[xla::gpu] fuse bias addition for bf16 gemms.

PiperOrigin-RevId: 441133520
diff --git a/tensorflow/compiler/xla/service/gpu/gemm_rewriter.cc b/tensorflow/compiler/xla/service/gpu/gemm_rewriter.cc
index 7c1b721..9584194 100644
--- a/tensorflow/compiler/xla/service/gpu/gemm_rewriter.cc
+++ b/tensorflow/compiler/xla/service/gpu/gemm_rewriter.cc
@@ -132,29 +132,48 @@
               m::AddAnyOrder(
                   m::Op(&existing_gemm).WithCustomCallTarget(kGemmCallTarget),
                   m::Op(&bias)))) {
-      // Do not fuse bias into S32 GEMM, as for this datatype cuBLAS only
-      // supports fixed values for alpha/beta.

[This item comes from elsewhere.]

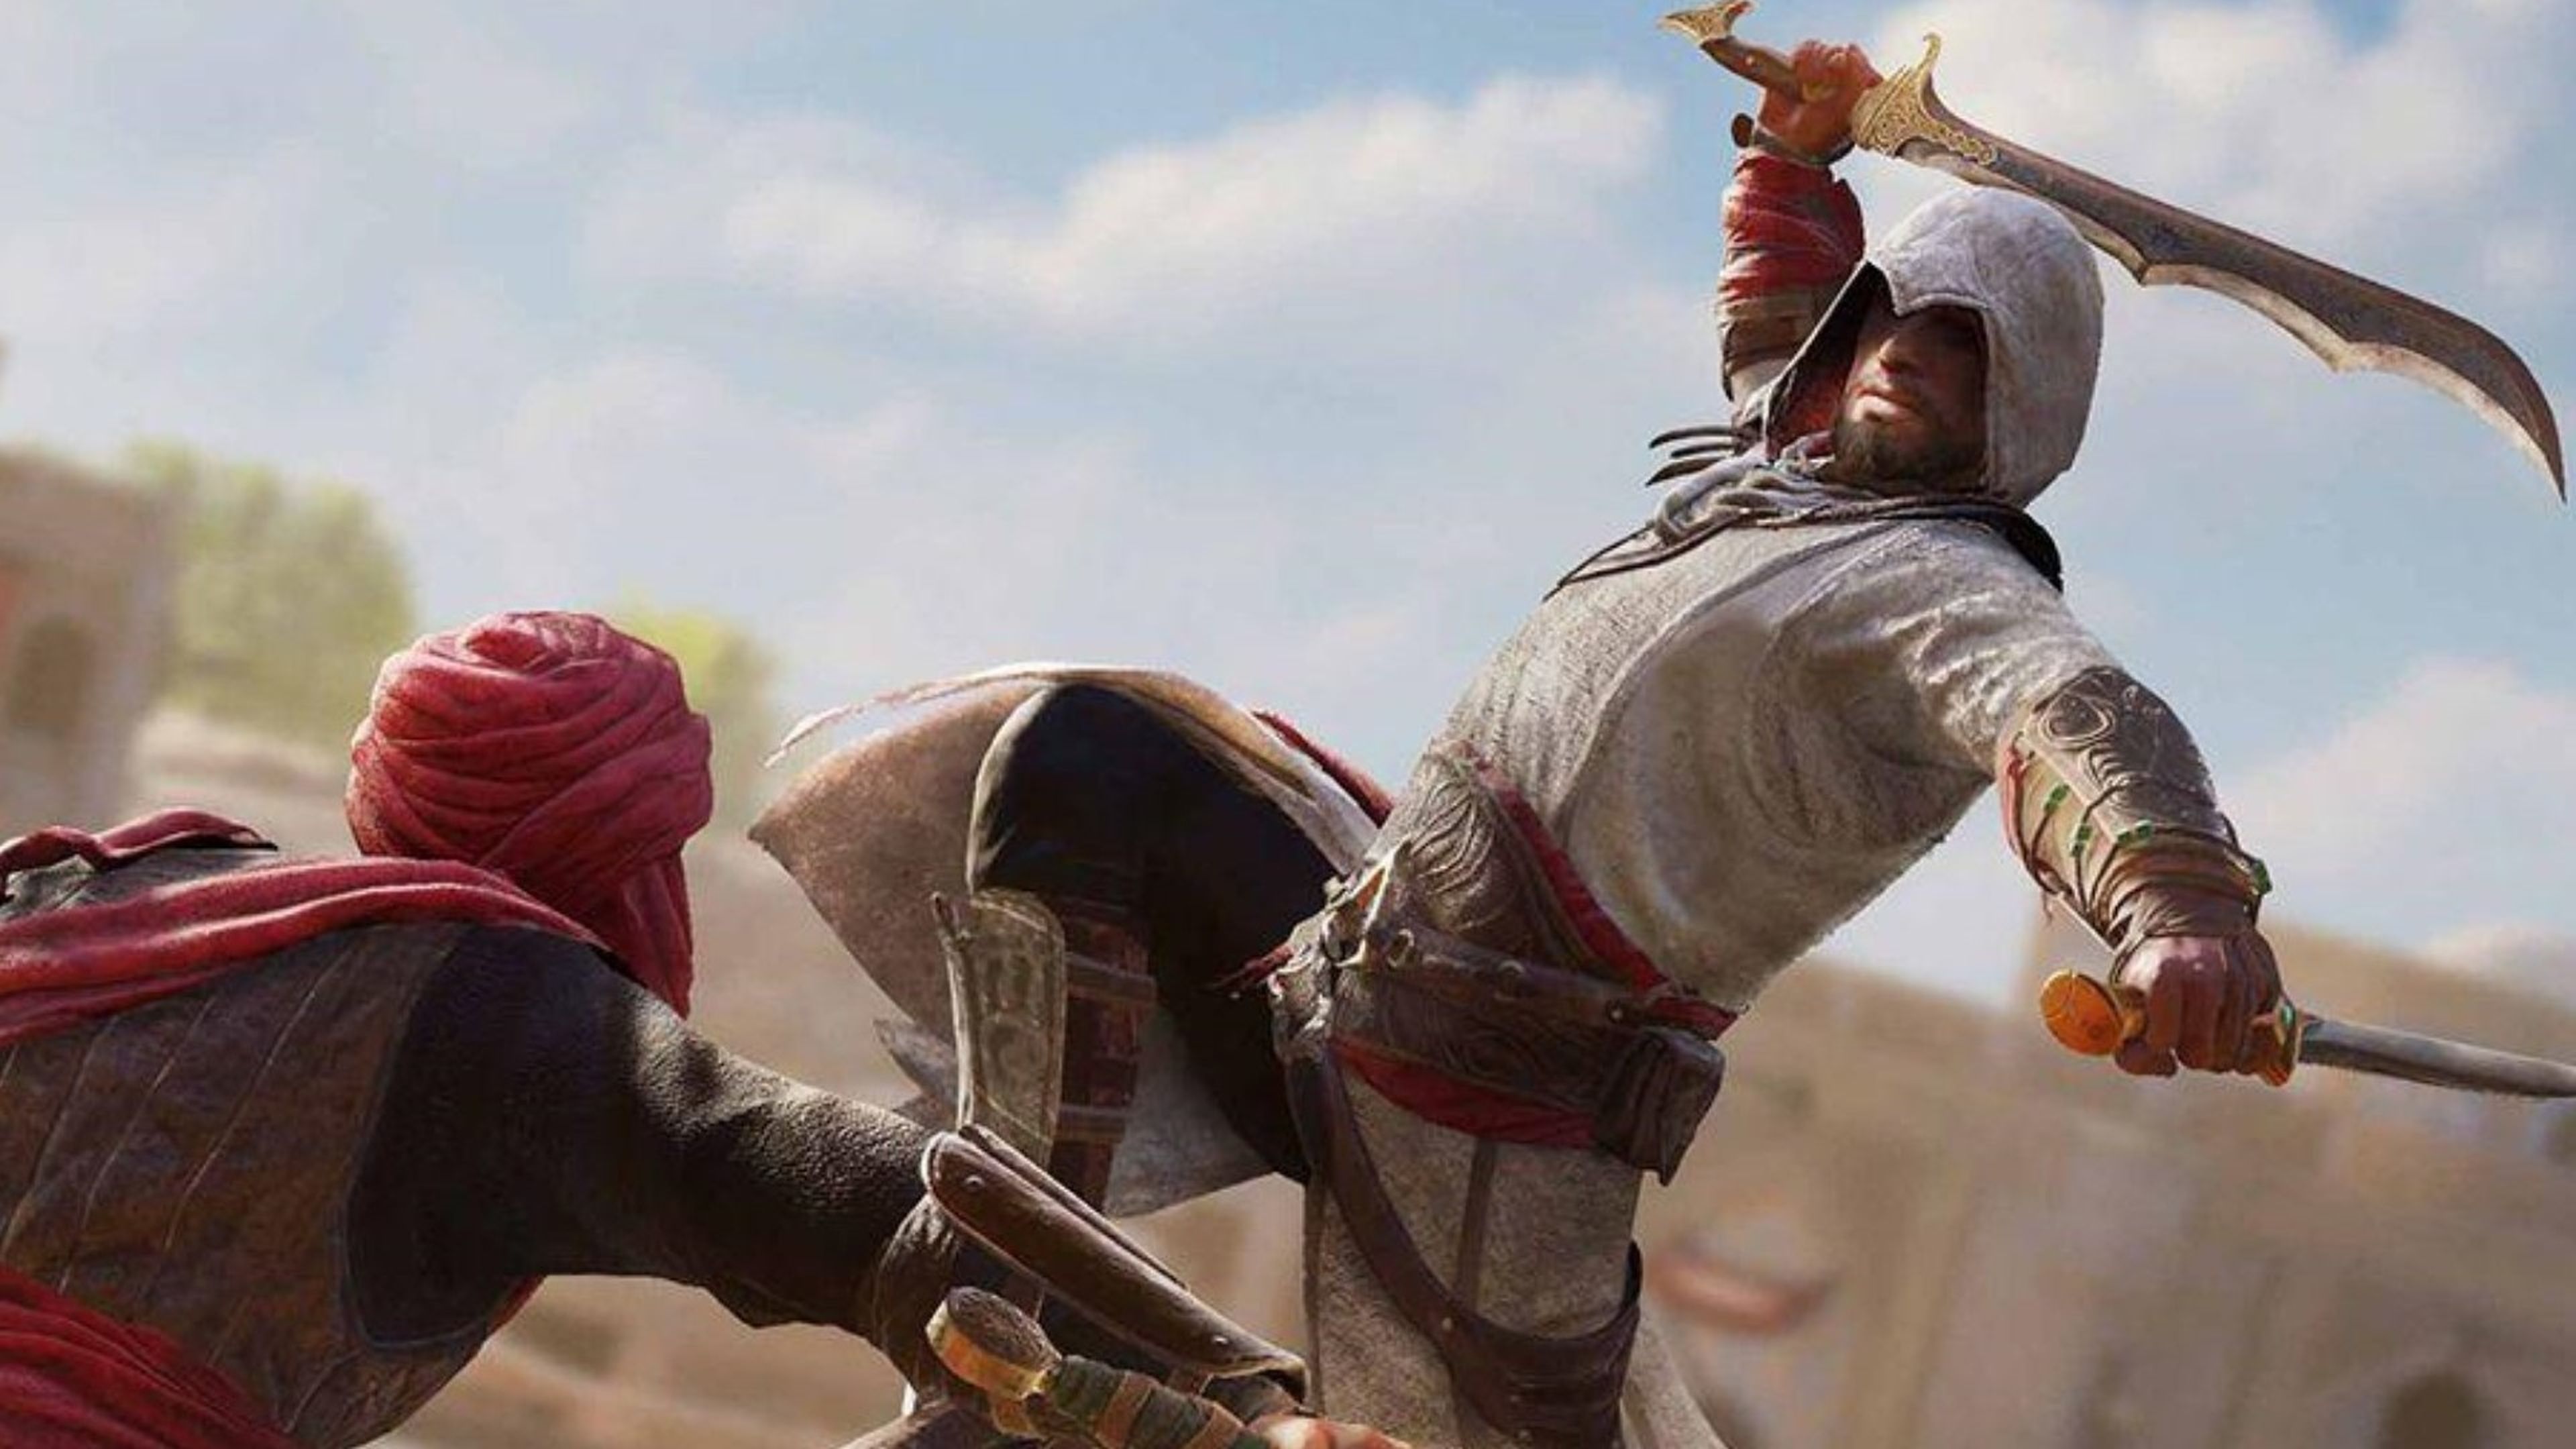 Requisitos mínimos e recomendados de Assassin's Creed Origins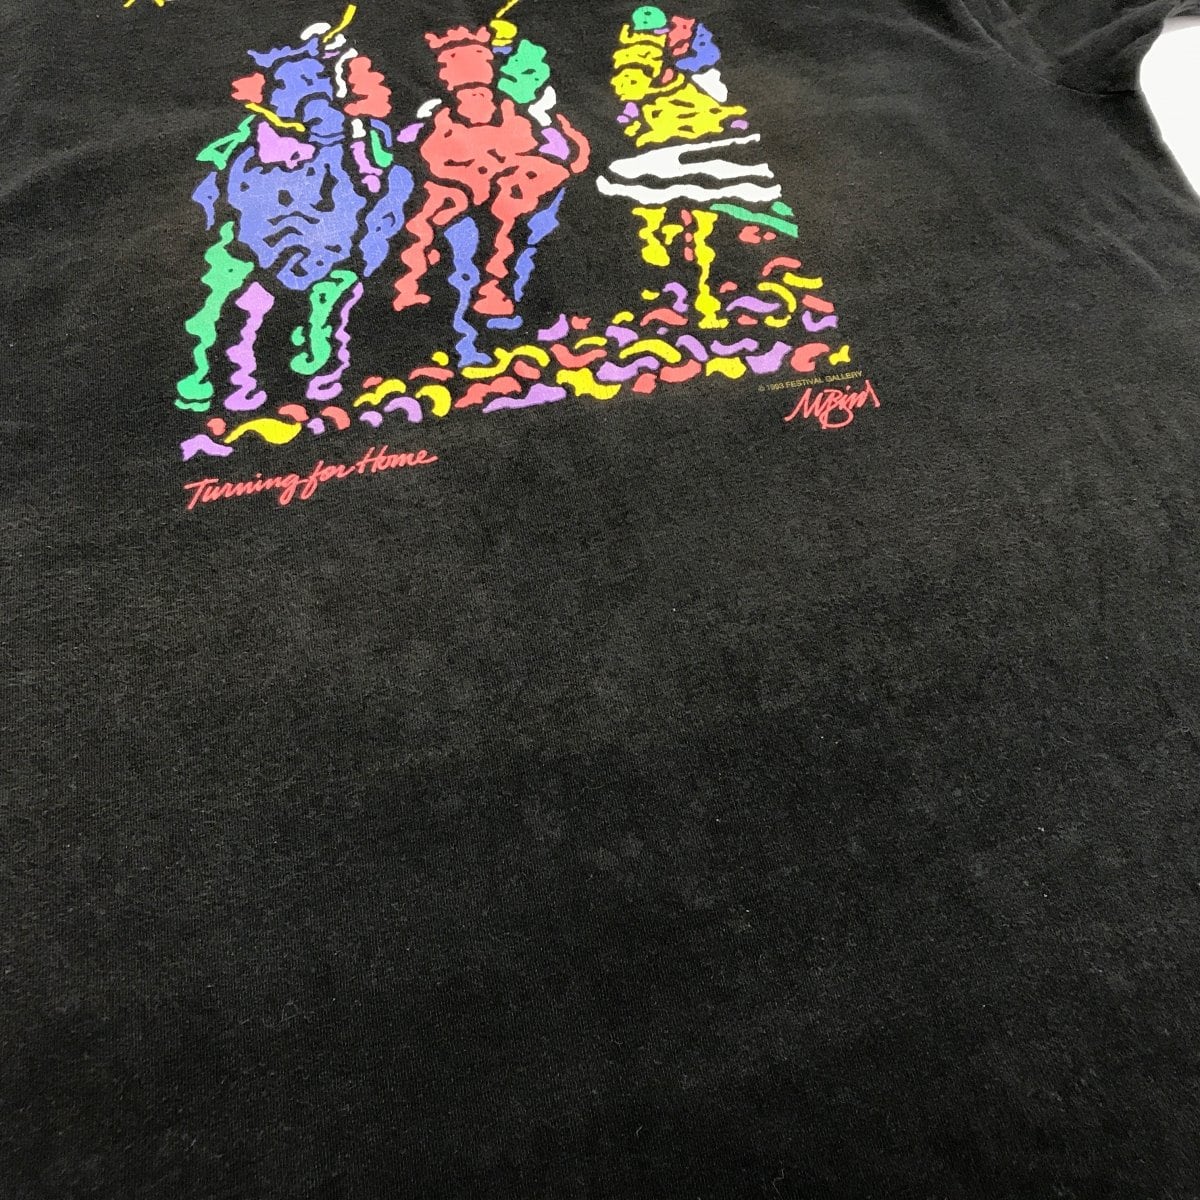 【超希少】レア 80s ポップアート Tシャツ フルーツオブザルーム USA製

-      if (existing_gemm->shape().element_type() == S32) {
-        return Status::OK();
-      }
-      auto config =
-          existing_gemm->backend_config<GemmBackendConfig>().ValueOrDie();
-      if (config.beta() == 0 && bias->user_count() == 1 &&
-          existing_gemm->user_count() == 1 &&
-          bias->shape() == existing_gemm->shape()) {
-        config.set_beta(1.0);
-        CHECK_EQ(existing_gemm->operand_count(), 2);
-        std::unique_ptr<HloInstruction> gemm_call =
-            HloInstruction::CreateCustomCall(
-                instr->shape(),
-                {existing_gemm->mutable_operand(0),
-                 existing_gemm->mutable_operand(1), bias},
-                kGemmCallTarget);
-        TF_RETURN_IF_ERROR(gemm_call->set_backend_config(config));
-        TF_RETURN_IF_ERROR(SetName(instr->GetModule(), gemm_call.get()));
-        TF_RETURN_IF_ERROR(
-            ReplaceWithNewInstruction(instr, std::move(gemm_call)));
-      }
+      return FuseBiasedGemm(instr, bias, existing_gemm);
+    }
+    return Status::OK();
+  }
+
+  Status HandleConvert(HloInstruction *instr) override {
+    HloInstruction *bias, *existing_gemm;
+    if (Match(
+            instr,
+            m::Convert(m::AddAnyOrder(
+                           m::Convert(m::Op(&existing_gemm)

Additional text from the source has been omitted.